OBJECTIVE: To examine the interactions of Enteroaggregative Escherichia coli strains with small and large intestinal mucosa, in order to detect potential alterations in both regions of the digestive tract. METHODS: Enteroaggregative Escherichia coli strains, isolated from stools of infants with persistent diarrhea and the prototype strain 042 (O44:H18), isolated from a child with diarrhea in Lima, Peru (positive control), were analised by light microscopy after in vitro organ culture assay of ileal and colonic mucosa. The interactions between the different enteroaggregative Escherichia coli strains and the ileal and colonic mucosa were analysed. RESULTS: Light microscopy analysis suggested an association of enteroaggregative Escherichia coli strains with the epithelium, inducing alterations. These bacteria adhered to both small and large bowel mucosa. The enteroaggregative Escherichia coli strains induced alterations in those areas where they were directly interacting with the epithelium. In the ileum, some areas showed a secondary internalization. CONCLUSIONS: The enteroaggregative Escherichia coli strains could cause persistent diarrhea inducing alterations in the small intestinal structures, where the digestive-absorptive functions take place. Inflammatory lesions observed in colons could justify the colitis described in some children infected by enteroaggregative Escherichia coli.

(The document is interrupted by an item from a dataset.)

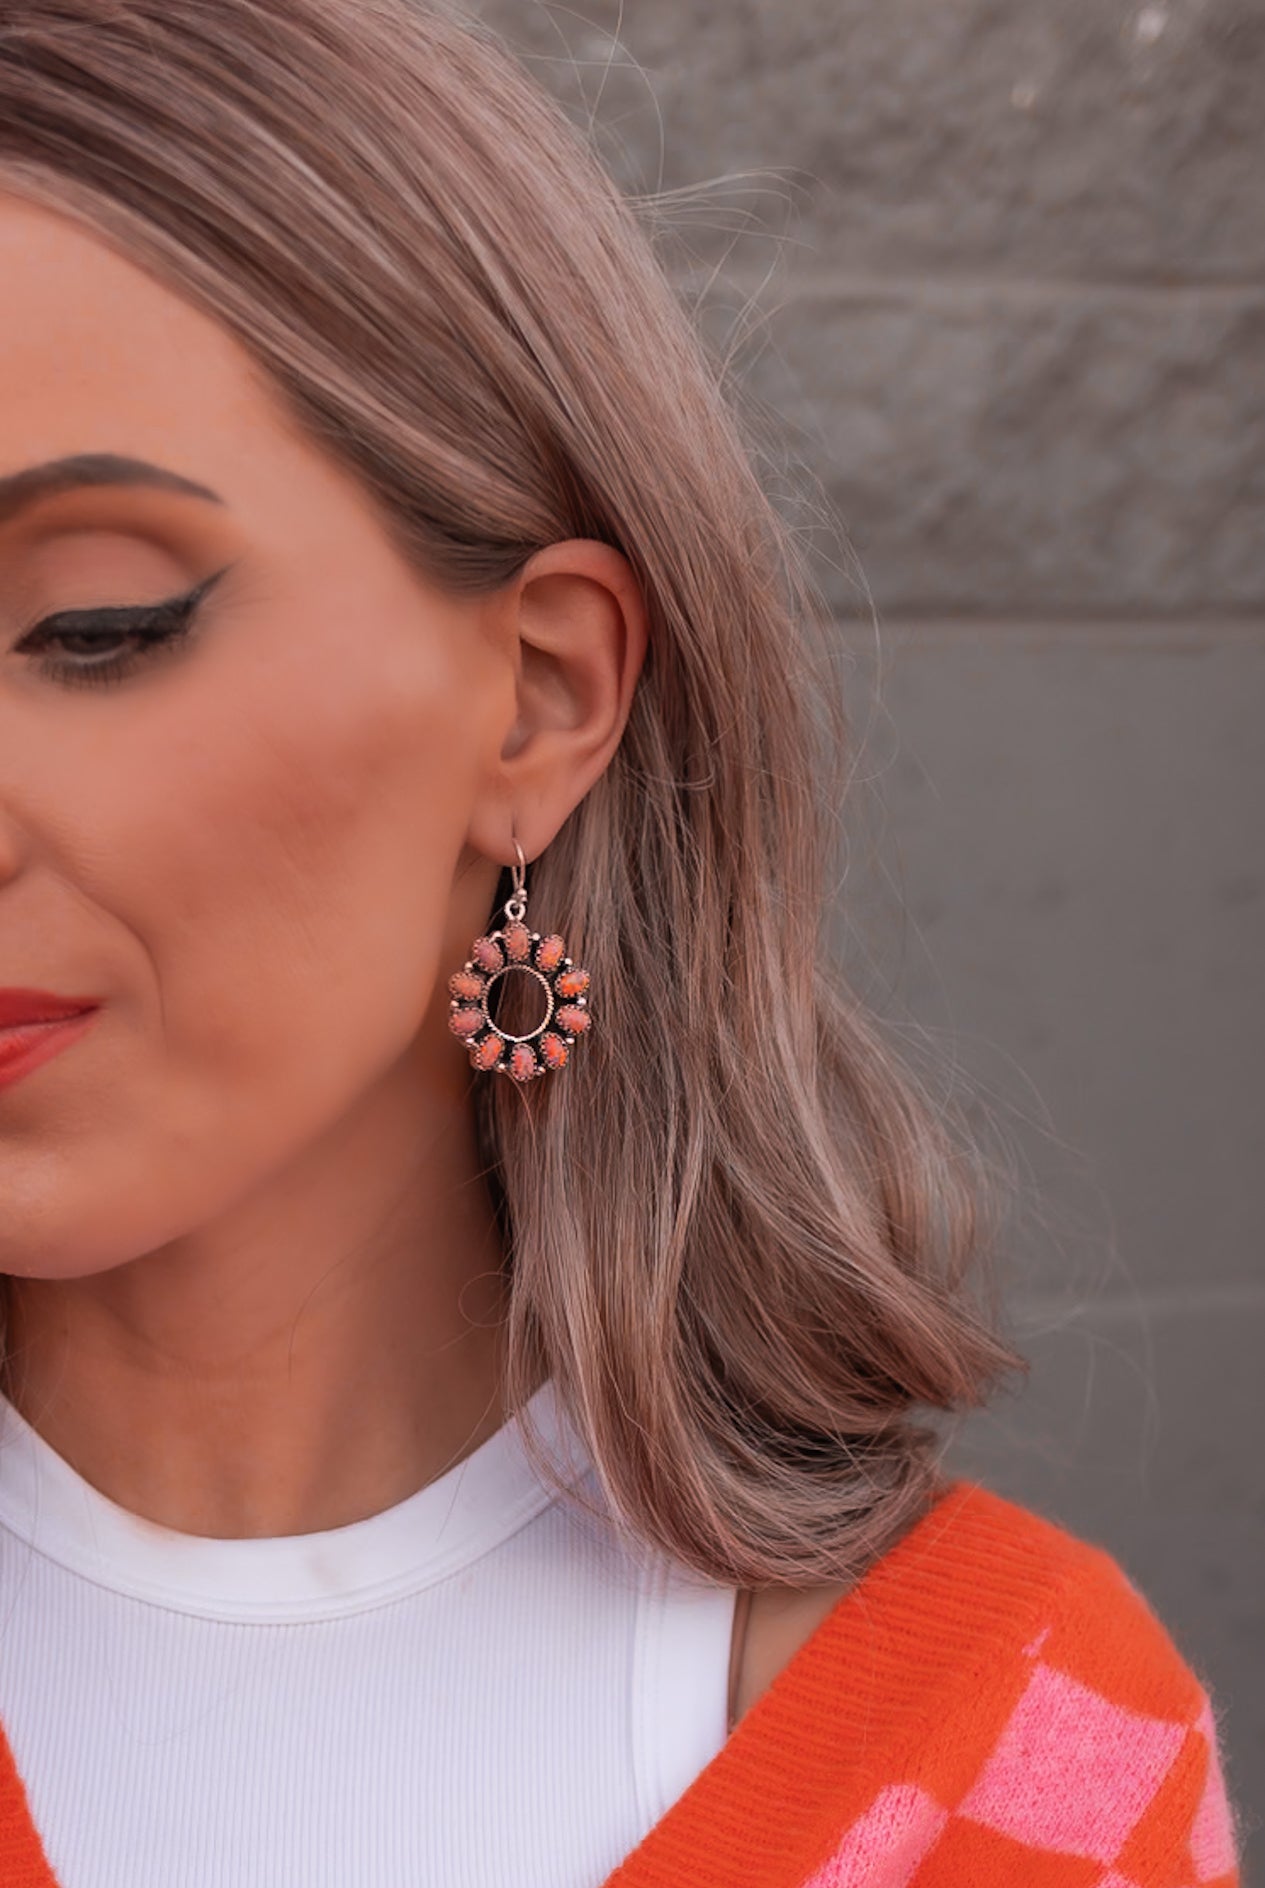 HOLLOW "O" STERLING SILVER EARRINGS-Drop Earrings-Krush Kandy, Women's Online Fashion Boutique Located in Phoenix, Arizona (Scottsdale Area)

OBJETIVO: Evaluar interacciones de muestras de Escherichia coli enteroagregativa (EAEC) con tejido intestinal humano, a fin de documentar potenciales alteraciones en distintas regiones del tracto digestivo (intestino delgado distal e intestino grueso) y definir, con eso, su rol en la persistencia del proceso diarreico. MÉTODOS: Muestras de EAEC aislada de las heces de niños con diarrea persistente y la muestra prototipo 042, aislada de un niño con diarrea en Lima, Perú (control positivo) fueron analizadas por microscopía óptica de luz (ML) después de siembra en cultura de órgano in vitro de fragmentos de mucosa ileal y del colon. Fueron analizadas las interacciones entra las distintas cepas de EAEC y las mucosas ileal y del colon. RESULTADOS: El análisis por ML indicó asociación de estos microorganismos con el epitelio, provocando alteraciones. Las cepas estudiadas adhirieron a ambas regiones evaluadas: intestino delgado distal y grueso y causaron alteraciones, especialmente en aquellas áreas donde interactuaron directamente con el epitelio. En el íleo, algunas regiones mostraron internalización secundaria. CONCLUSIÓN: Estos agentes pueden causar diarrea persistente mediante alteraciones en el intestino delgado, donde ocurren las funciones digestivo-absortibas. Las lesiones inflamatorias descritas en la mucosa del colon podrían explicar la colitis descrita en algunos niños infectados por EAEC.